The Lede

On May 19, 2026, Google Cloud incorrectly suspended Railway's production account, triggering an 8-hour platform-wide outage. The suspension took down Railway's control plane, API, and compute infrastructure, affecting not only Google Cloud but also other workloads on AWS and Railway Metal. This incident highlights the risks of relying on a single provider's account for control plane functionality in multi-cloud architectures.

Background & Context

Railway had flagged this architectural risk in its February 2026 postmortem, emphasizing the need for a more resilient multi-cloud setup. The company has been working to eliminate the single-point-of-dependency on GCP for route discovery and extend HA database shards across AWS and Metal. However, the recent outage demonstrates the challenges of achieving true resilience in the face of unexpected events.

Deep Dive

The outage was caused by an automated action taken by Google Cloud, which incorrectly suspended Railway's production account. This suspension affected Railway's control plane, API, dashboard, and GCP-hosted compute. As the route caches expired, other workloads on AWS and Railway Metal became unreachable, resulting in returning 404 errors. At peak impact, all Railway workloads across all regions were rendered unreachable. Railway's edge proxies, which depend on a GCP-hosted control plane to populate their routing tables, were particularly affected.

Expert Angle

Experts in the field agree that the incident highlights the risks of relying on a single provider's account for control plane functionality in multi-cloud architectures. 'Multi-cloud' does not mean 'resilient' if the control plane – routing, service discovery, configuration – sits in a single provider's account,' says a researcher at a leading cloud computing firm.

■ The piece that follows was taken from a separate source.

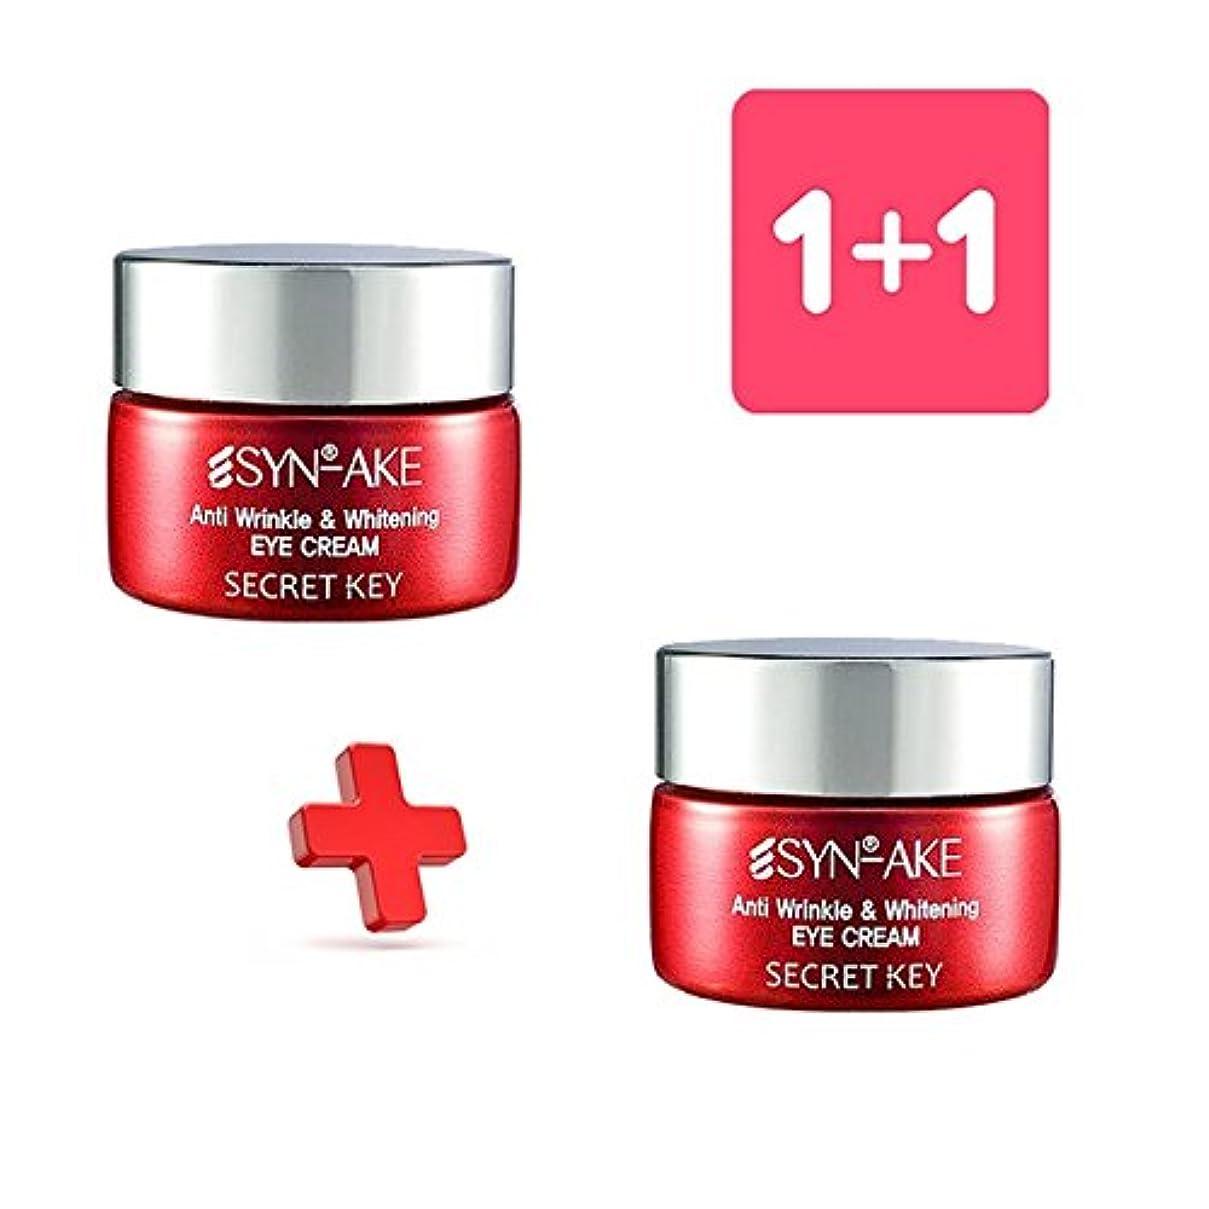 破壊的な割れ目十分Secret Key Synake Premiun Anti Wrinkle Whitening Eye Cream 1+1 Big Sale 15gx2Ea [並行輸入品]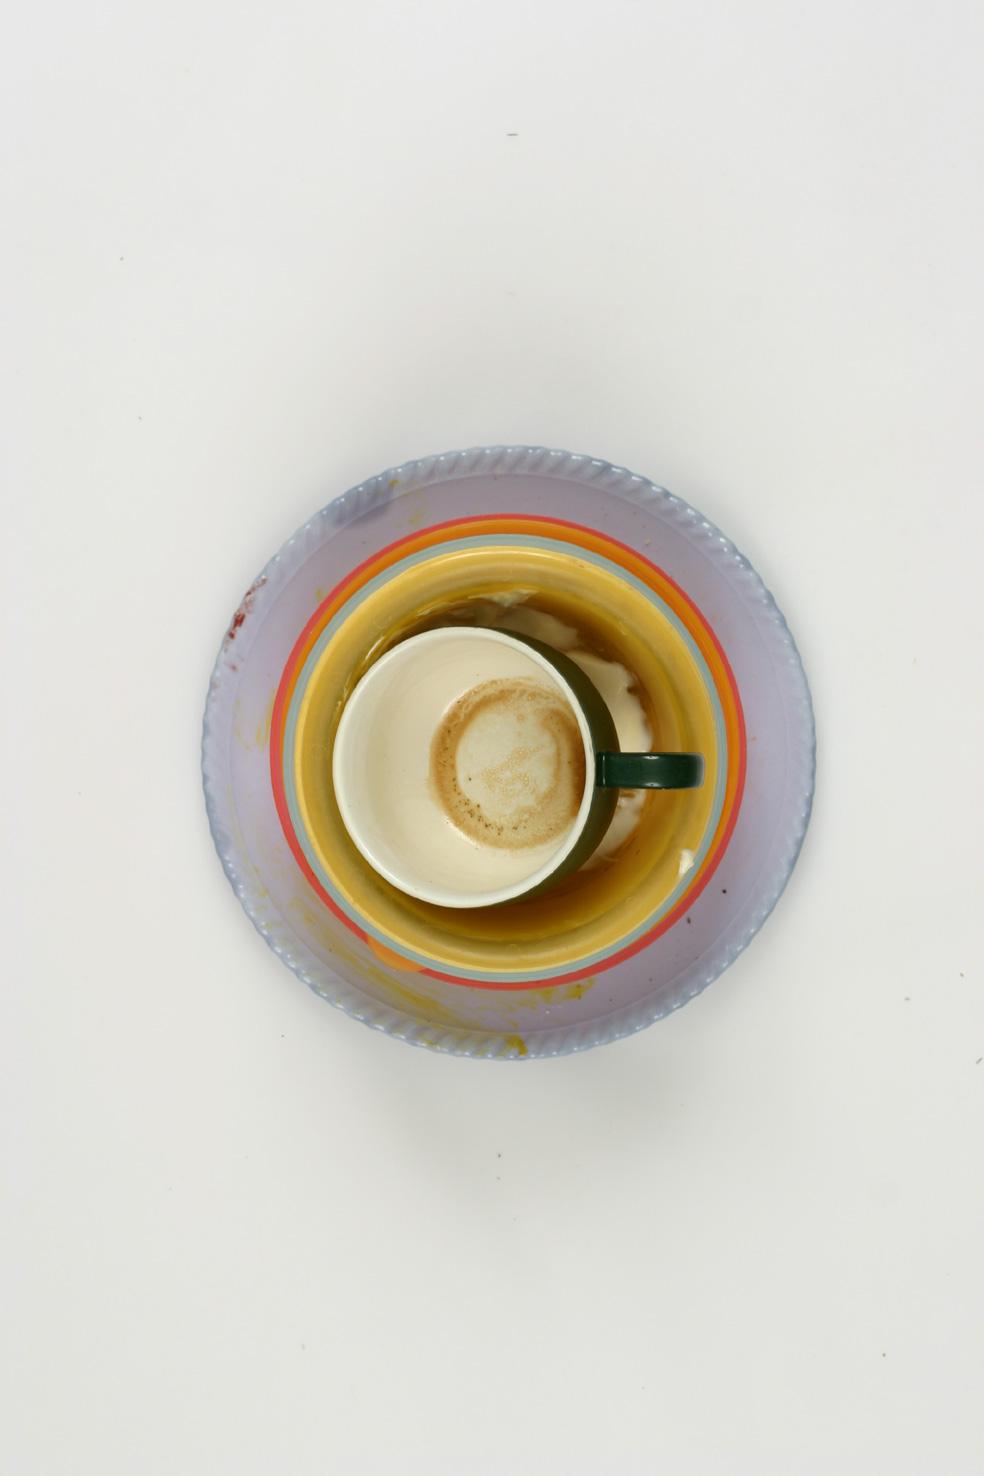 Vin Ryan, Meals Eaten by Vin, Lisa and Lewis in 2010 (Stack 1), 2010, digital print, 37 x 25cm

Railway's plan to eliminate the single-point-of-dependency on GCP for route discovery and extend HA database shards across AWS and Metal is seen as a positive step towards achieving true resilience.

What Comes Next

Railway has announced plans to address the architectural risks exposed by the outage. The company will work to eliminate the single-point-of-dependency on GCP for route discovery and extend HA database shards across AWS and Metal. This move is expected to improve the resilience of Railway's multi-cloud setup and reduce the risk of similar outages in the future.